Johnson’s stump speech is unwieldy, a laundry heap of political beliefs unadorned by campaign boilerplate or political platitudes. The reception is polite, though a woman audibly groans when he promises to pursue a fair tax. During the ensuing Q & A, an audience member praises Johnson’s ideas, but says he’s skeptical about his chances to effect change by bucking Republican dogma on nearly every issue. Another asks why he isn’t running as a libertarian. “The idea would be to actually win,” he explains.

That goal is beyond his grasp, and this surprises him. “I don’t want to sound like a conspiracy theorist,” he says. But he has some theories. “Is it because I’m for legalization? Is it because I’m the only social non-conservative in the race? Does that make me a fringe candidate? I honestly don’t know.” He’s proud of his record, believes in his platform, and is both baffled and wounded by the fact that the press uses a popular two-term governor’s presence in the GOP field as a punchline. “I’m laboring under the belief that I’m the best guy for the job,” he says.

He is also, it seems, lured by the front-row ticket to a great American spectacle, one that allows him to crisscross New Hampshire with his family under the dazzling fall foliage. Between bouts of frustration, he musters the optimism to regard the race as another dizzying peak to scale. And if he can’t, he’s determined to relish the experience. “Here’s the reality, and I get to see what it’s like,” he says of the day-to-day grind of a presidential campaign. “And few people do.”

That night, after a 35-mile ride under brilliant sunshine, reality smacks him in the face. Johnson is holding a town hall at Concord High School, in a fourth-floor English classroom with perhaps 25 desks. A few minutes ahead of schedule, he walks into the room with his family only to find four reporters and no voters awaiting his arrival. He plops down in a chair before the whiteboard at the front of the room, flanked by six-foot banners proclaiming him “The People’s President.”

“What do you do if you hold a town hall and nobody shows up?” he wonders aloud.

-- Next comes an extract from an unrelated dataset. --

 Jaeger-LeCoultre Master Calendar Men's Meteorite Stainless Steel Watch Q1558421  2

A minute later, Slattery, his aide, steps inside to announce that a glitch prevented the robocalls advertising the appearance from going out. Nobody is coming. Johnson looks crestfallen; Kate and Erik look on quietly, their jaws set tight. With the press assembled before the candidate, Slattery suggests a Q & A. The first question is how this indignity makes Johnson feel.

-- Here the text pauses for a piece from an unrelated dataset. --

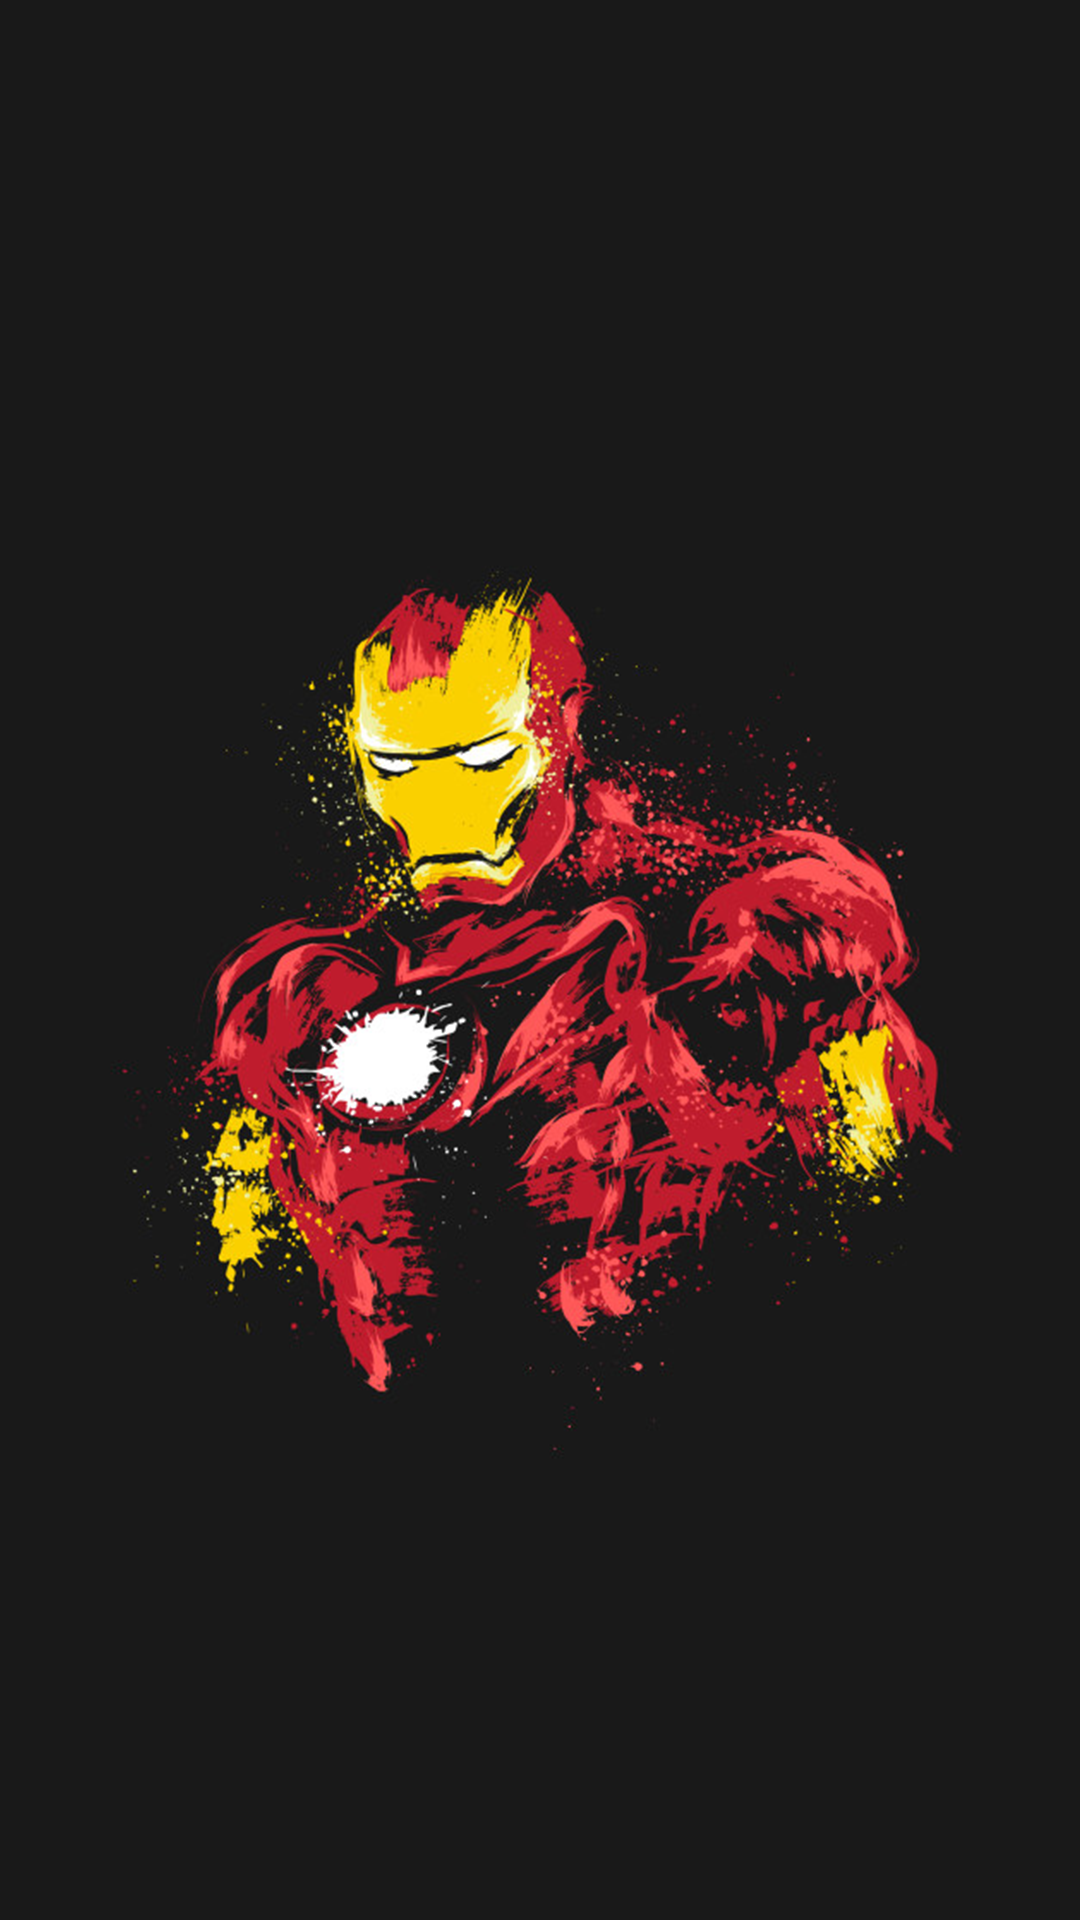 Iron Man AMOLED Wallpaper

“It sucks. It absolutely sucks,” Johnson says, his voice cracking slightly. “There’s no rhyme or reason to it. I never in my wildest dreams thought that I would not be at the table. I never in my wildest dreams thought that I wouldn’t have a place on the stage. I wouldn’t in my wildest dreams would have expected to not be listed on the polls that are being done nationally for President of the United States.”

It’s hard not to feel for Johnson at a moment like this, just as it’s hard to grasp why he doesn’t pack it in and head back to his dream home in Taos with a fiancée he adores. Johnson says he has no regrets, and insists he’s determined to ride out the process. “If I’m not successful, you’re just never going to hear from me again,” he says. It is a suggestive flash of candor, a moment when the fantasy slips to reveal the reality of impending failure. For Johnson, a man who seems programmed to wring the positive out of the bleak, there is an upside even to this. “If this doesn’t end up successful,” he says, “isn’t it good to know that Santa Claus doesn’t exist?”